I try to relax and let myself transition into a more calm state of observation. I look less out of the windows and more toward my new friends inside. I take their lead and connect with each other in ways we often don’t in our work life. It’s easy and I feel a sense of closeness to our group. Our conversations range from family, to workplaces, to struggles of the people of Guatemala, and to the people we see outside our bus. I am again back to what I set out to do. I am connecting myself with the people, the country. It is much easier now.

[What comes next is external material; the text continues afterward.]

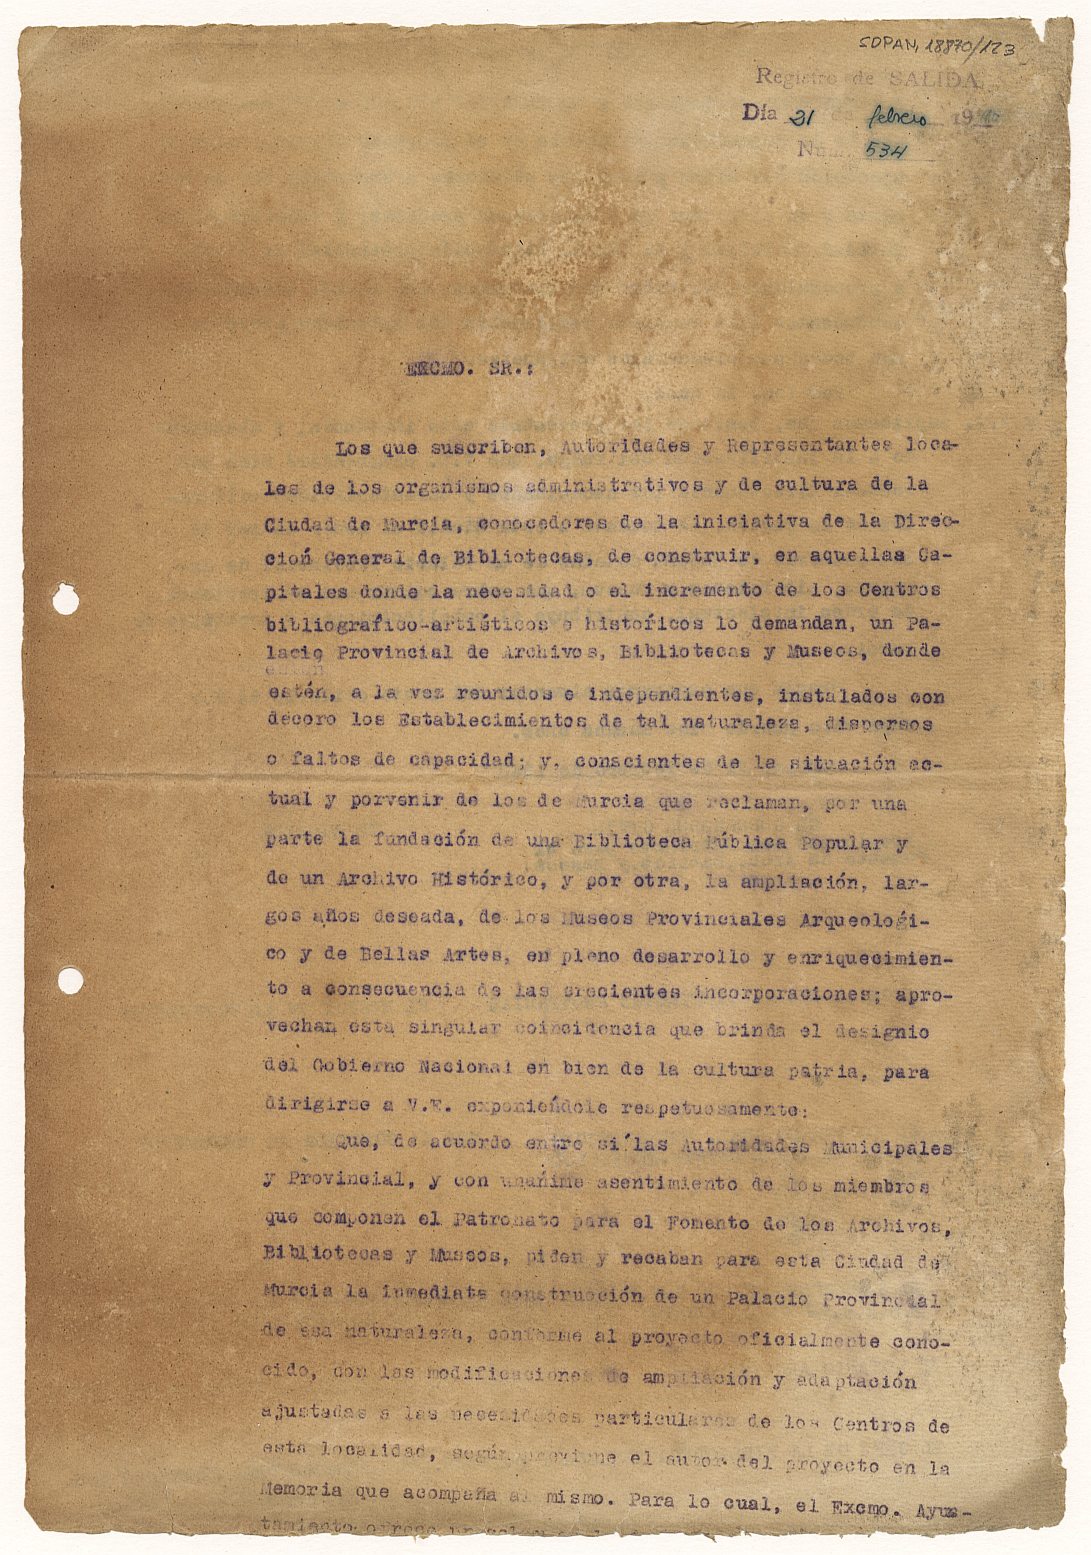 Minuta del oficio enviado al Ministerio de Educación Nacional exponiéndole la necesidad de la construcción en Murcia de un Palacio Provincial de Archivos, Bibliotecas y Museos.

We are now outside the city. The people we see, are first in the distance, are slowly approached, and then seen clearly from our windows. There are families, street vendors, and neighbors conversing. There is a celebrations, possibly a quincenara, with dozens of people slowly stepping off of, what looks to be the bed of, a produce truck to attend the ceremony. The procession is dressed for the event in beautiful dresses and garb.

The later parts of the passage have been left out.